• **Task instructions**: For this task, copy all of the data below exactly and skip the pictures.

• **Dataset content**:

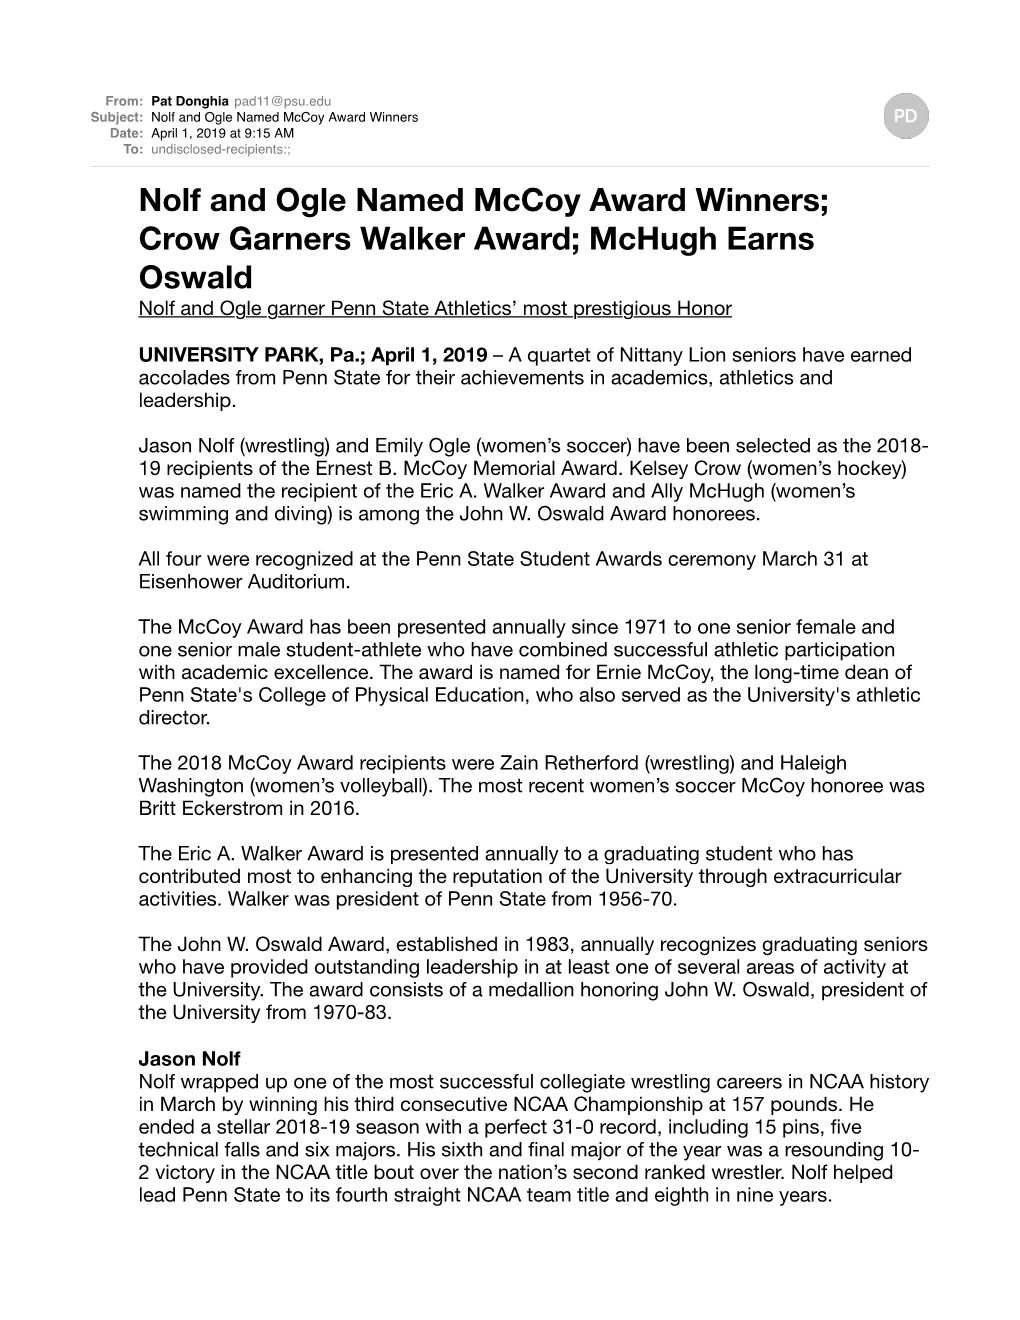 Nolf and Ogle Named Mccoy Award Winners
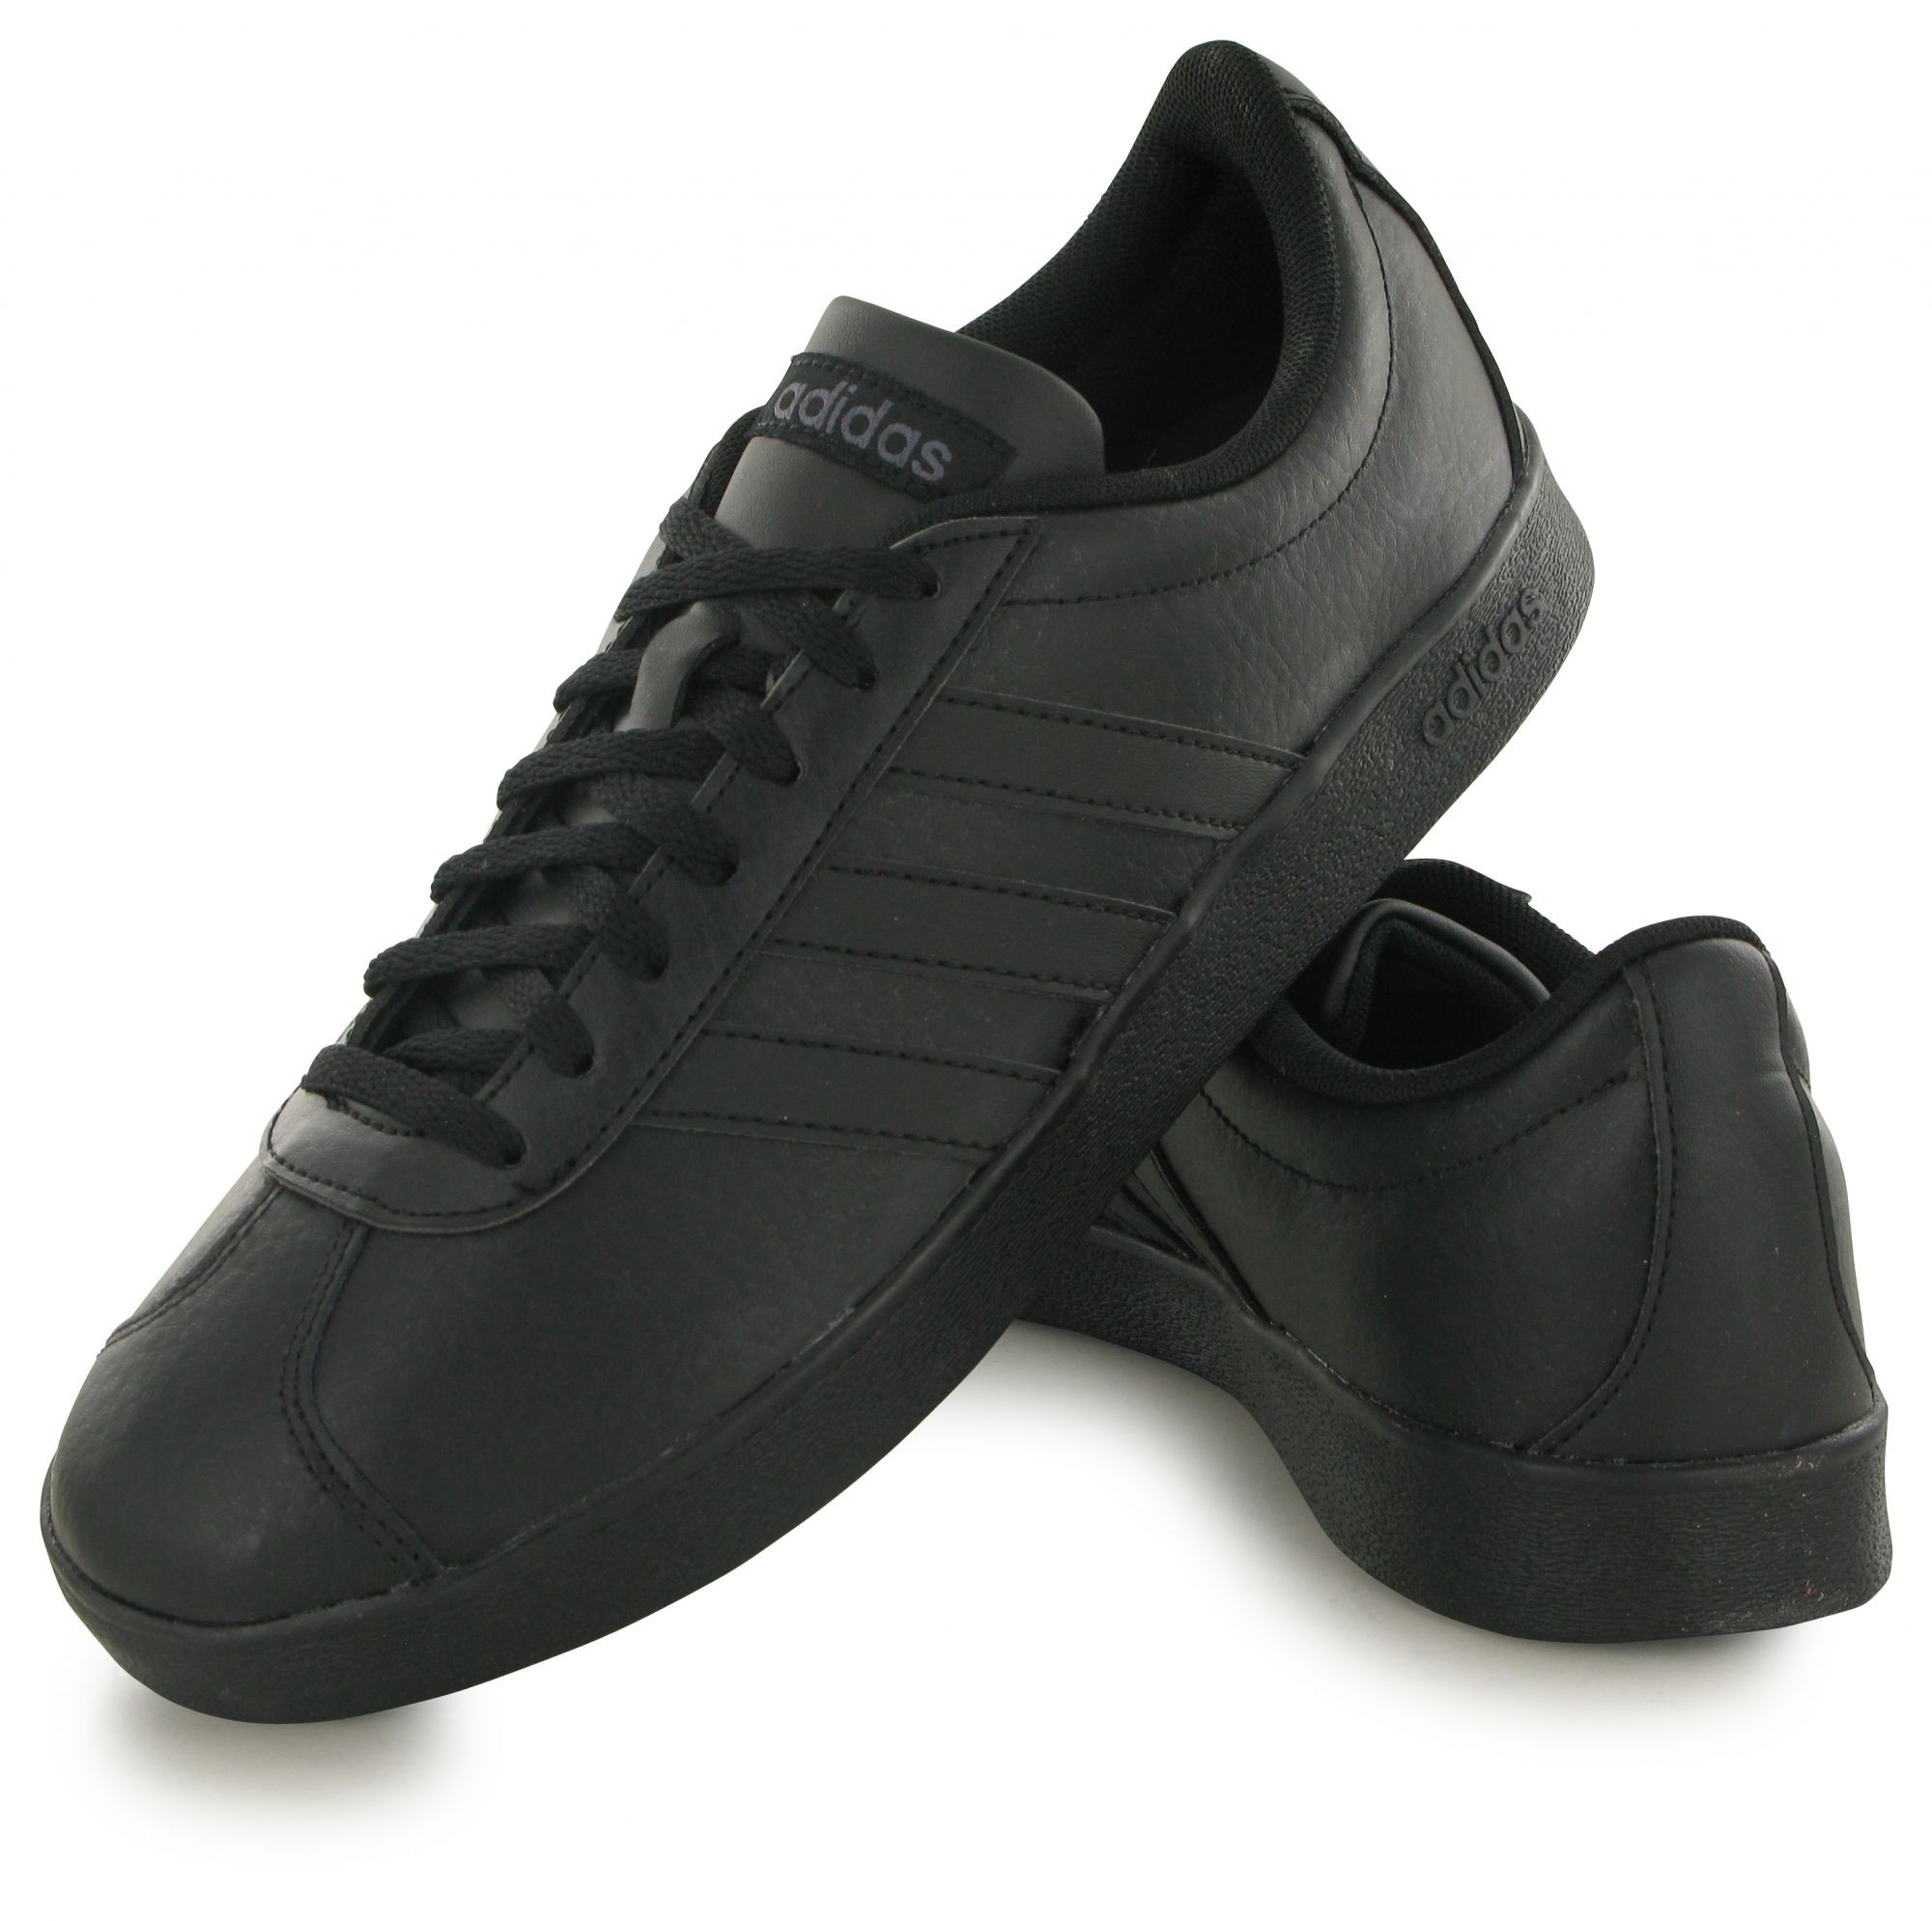 Купить адидас кожаные мужские. Adidas VL Court 2.0 Black. VL Court 2.0 adidas мужские Black. VL Court 2.0 adidas чёрные кожаные. Adidas VL Court 2.0 кожа.
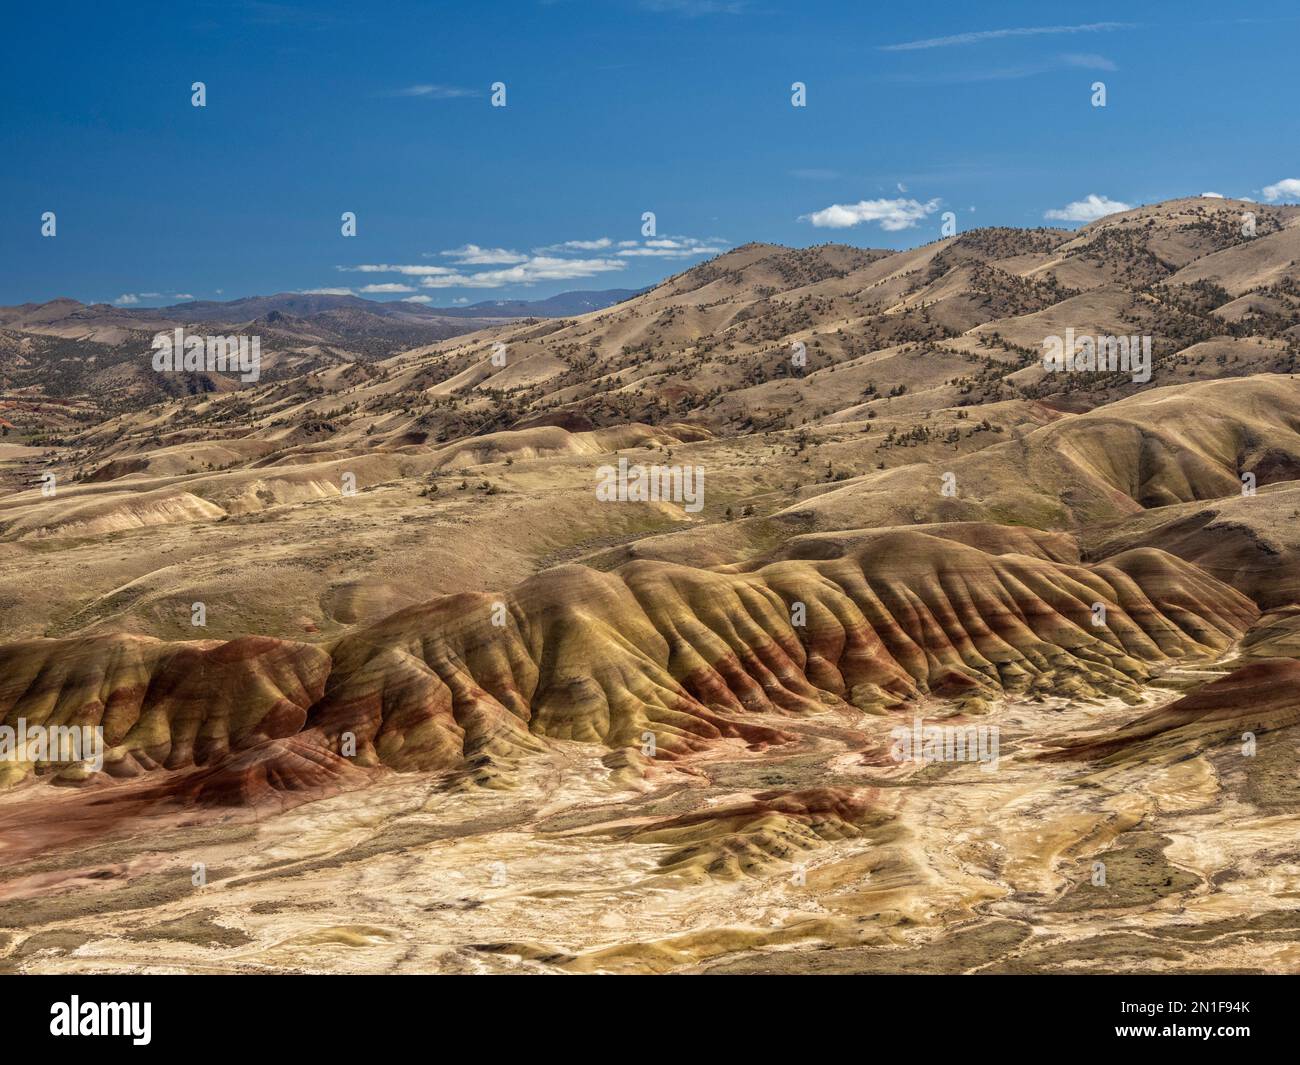 The Painted Hills, classificato come una delle sette meraviglie dell'Oregon, John Day Fossil Beds National Monument, Oregon, Stati Uniti d'America Foto Stock

• **Answer**:
 Nolf and Ogle Named Mccoy Award Winners
 Купить адидас кожаные мужские. Adidas VL Court 2.0 Black. VL Court 2.0 adidas мужские Black. VL Court 2.0 adidas чёрные кожаные. Adidas VL Court 2.0 кожа.
 The Painted Hills, classificato come una delle sette meraviglie dell'Oregon, John Day Fossil Beds National Monument, Oregon, Stati Uniti d'America Foto Stock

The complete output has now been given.